Un pauvre bûcheron, tout couvert de ramée,
Sous le faix du fagot aussi bien que des ans
Gémissant et courbé, marchait à pas pesants,
Et tâchait de gagner sa chaumine (1) enfumée.
Enfin, n'en pouvant plus d'effort et de douleur,
Il met bas son fagot, il songe à son malheur.
Quel plaisir a-t-il eu depuis qu'il est au monde ?
En est-il un plus pauvre en la machine ronde (2) ?
Point de pain quelquefois, et jamais de repos.
Sa femme, ses enfants, les soldats (3), les impôts,
              Le créancier et la corvée
Lui font d'un malheureux la peinture achevée.
Il appelle la Mort ; elle vient sans tarder,
               Lui demande ce qu'il faut faire.
               C'est, dit-il, afin de m'aider
A recharger ce bois ; tu ne tarderas guère (4).

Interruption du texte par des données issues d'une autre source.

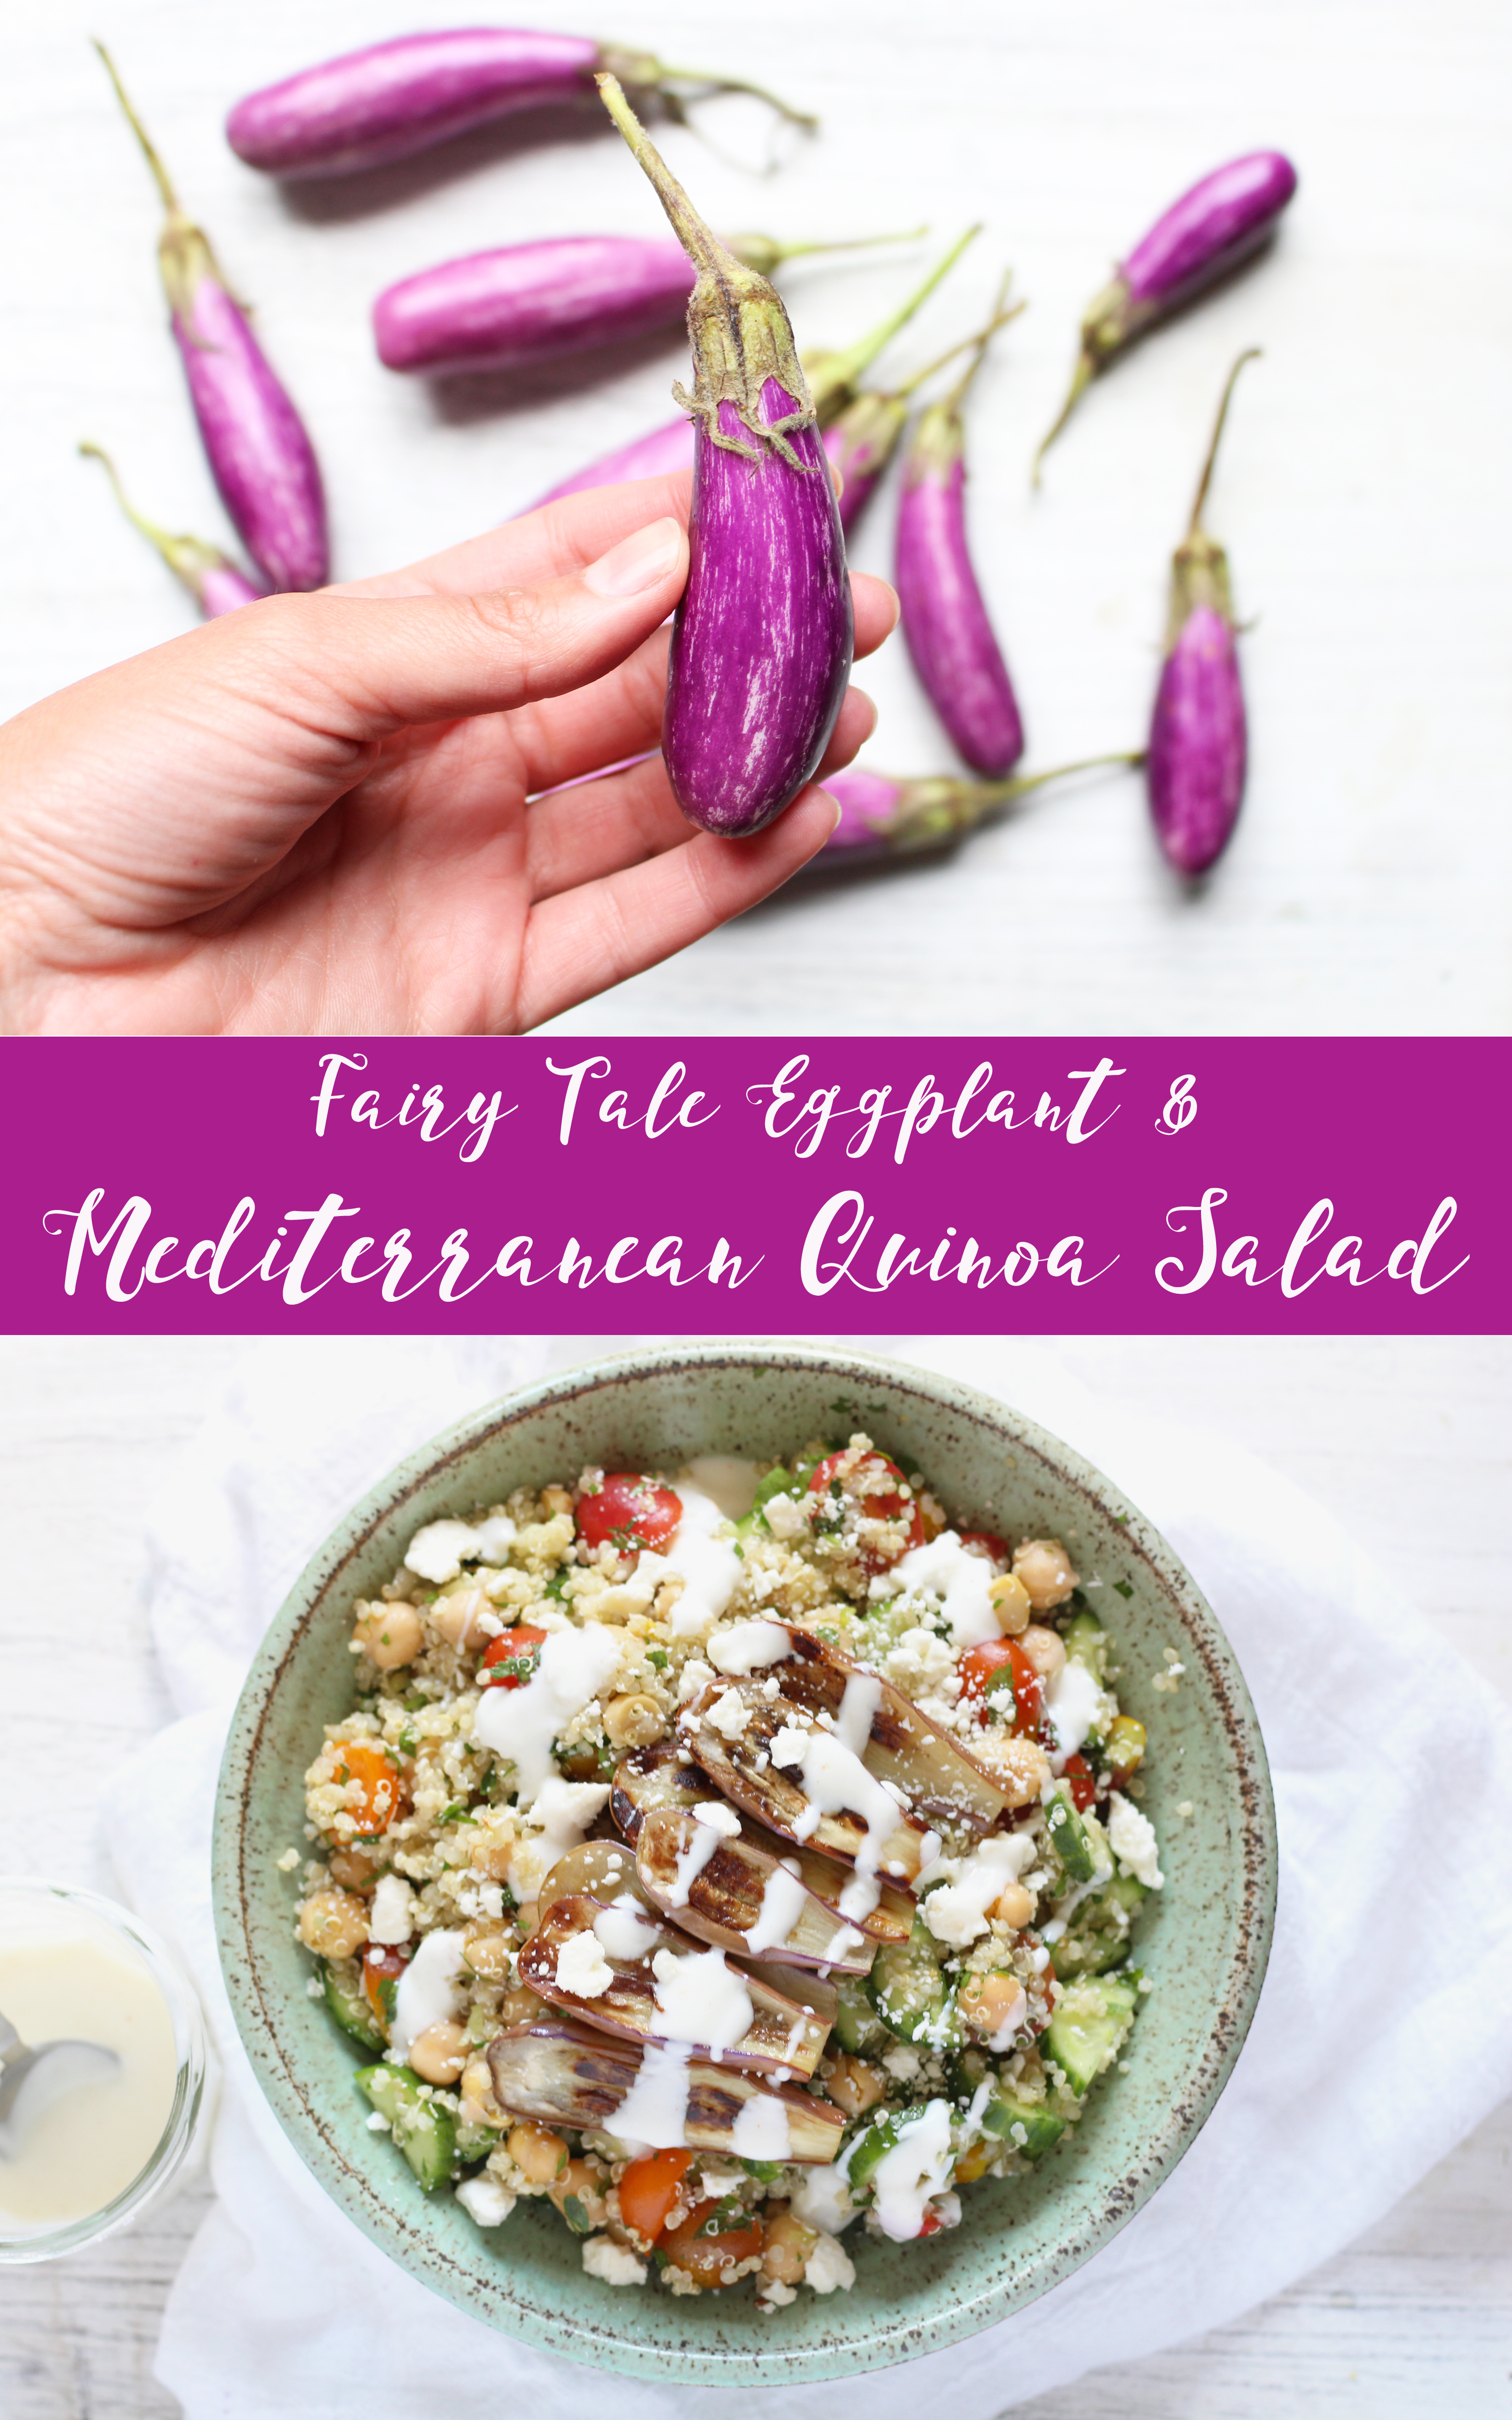 Fairy Tale Eggplant over a Mediterranean Quinoa Salad with Spiced Yogurt Dressing. An easy and fresh summer meal!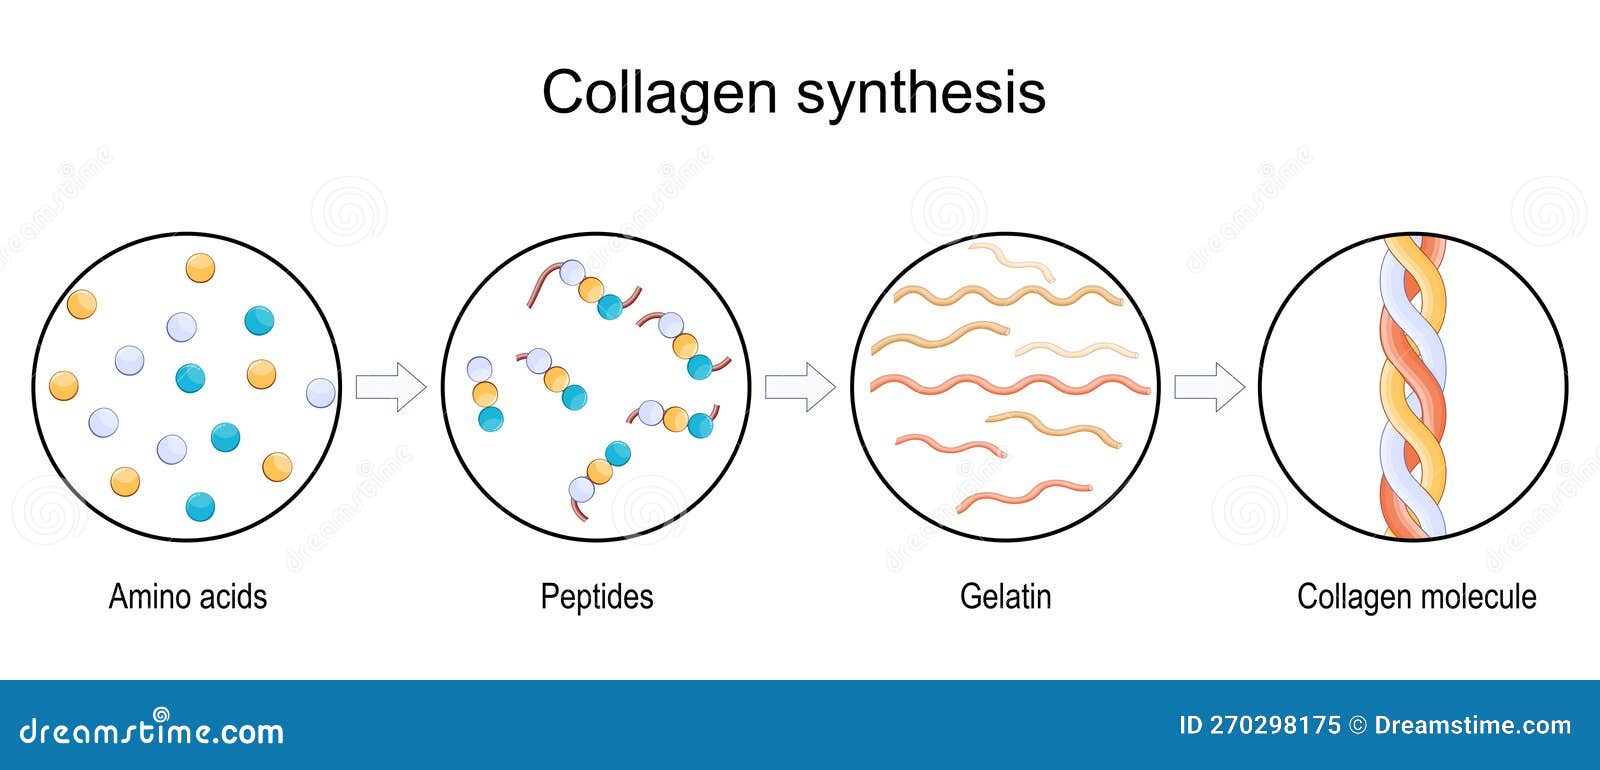 collagen synthesis. from amino acids and peptides, to gelatin and collagen molecule

                  Le trépas vient tout guérir ;
                  Mais ne bougeons d'où nous sommes :
                  Plutôt souffrir que mourir,
                  C'est la devise des hommes.

(**) La deuxième phrase reste assez mystérieuse...
     Le "quelqu'un" serait Boileau

(1) archaïsme figurant dans Rabelais
(2) la terre..bien sûr !
(3) à l'époque, il n'y avait pas de casernes et les soldats logeaient chez l'habitant, gratuitement, cela était redoutable...pour l'habitant.